After less than a year, Byron was back with the Derzacks--and so was his then-3-year-old sister, Byrae. Allegheny County Common Pleas Court Judge Joseph Jaffe ordered the change in custody after authorities said Jeffrey resumed using drugs and she was arrested again for prostitution.

The move angered black activists, who said many black families were willing to care for the children, including Jeffrey’s great-aunt, Marion Ellis. Ellis, who has a nonfatal disease that prevents her from working, had been caring for Byron and Byrae, as well as Jeffrey’s three older children.

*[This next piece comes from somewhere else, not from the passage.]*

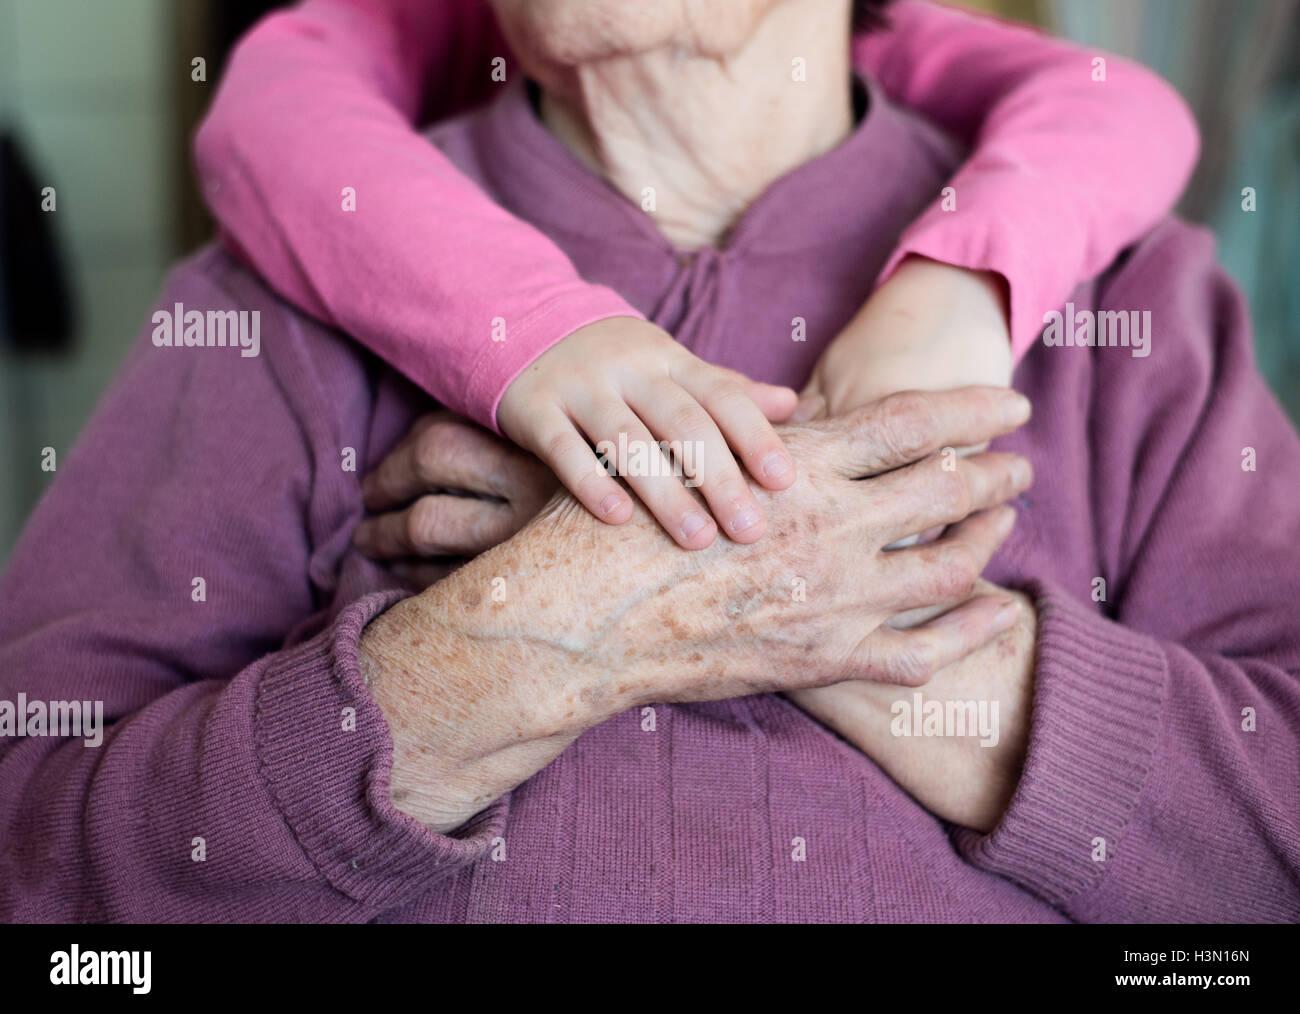 Petite-fille méconnaissable de sa grand-mère holding hands Banque D'Images

It’s as if “we’re not concerned about our own,” said Mark Brentley, a member of Pittsburgh’s Coalition for African American Justice, which has held several protests in front of the Derzacks’ house.

Objections to white couples rearing black children are linked to issues of cultural identity. The National Assn. of Black Social Workers, which has a strong presence in placement agencies, opposes transracial placements unless all other options have been exhausted.


White families can’t teach black children how to cope with racism or give them a sense of their heritage, organization members say.

“A lot of these kids live in all-white areas, and they’re constantly being called names or teased about their hair,” said Leora Neal, co-chairwoman of the group’s Task Force on Foster Care and Adoption.

A black child adopted by a white family is constantly reminded that he is adopted.

“People are constantly asking the kid, ‘Why do you have a white mother?’ They feel like they don’t fit in,” said Neal. “And when they get older, the white community does not accept them.”

Sociologist Simon counters that a 20-year study she did of 200 white families who had adopted minority children showed a majority of the children were aware of their heritage and comfortable with it.

Moreover, restricting black children to black families makes finding homes for everyone difficult, some researchers say. Of the 50,000 or so foster children who are waiting to be adopted, 38% are black--a far greater proportion than the 12% of blacks in the U.S. population, according to the National Council For Adoption. Blacks wait twice as long as whites to be adopted.

“There’s a continuing problem of finding enough black families to adopt black children,” said the council’s Mary Beth Style.


Neal says, however, that blacks often are available to adopt but are rejected in favor of whites. A program run by the black social workers’ group in New York City has a waiting list of 26 black families who want to adopt black children, she said.

Racial matching efforts show signs of losing ground. The House GOP’s “contract with America” and parts of the welfare-reform bill passed by the House in late March would deny federal funds to agencies that discriminate in placing children based on race. (A bill passed in May by the Senate Finance Committee did not contain language about transracial adoptions, according to a Senate GOP staffer.)

In the Baby Byron case, developments show an even greater turn in the Derzacks’ favor. In late November, Jaffe directed that visits between the children, Jeffrey and Ellis no longer be held at Ellis’ home after a stabbing occurred outside the apartment. In December, Jeffrey was arrested again for prostitution.

And in April, Jaffe terminated Jeffrey’s parental rights to Byron and Byrae, theoretically clearing the way for the Derzacks to adopt them. Their mother, however, has appealed, leaving the children’s fate still hanging.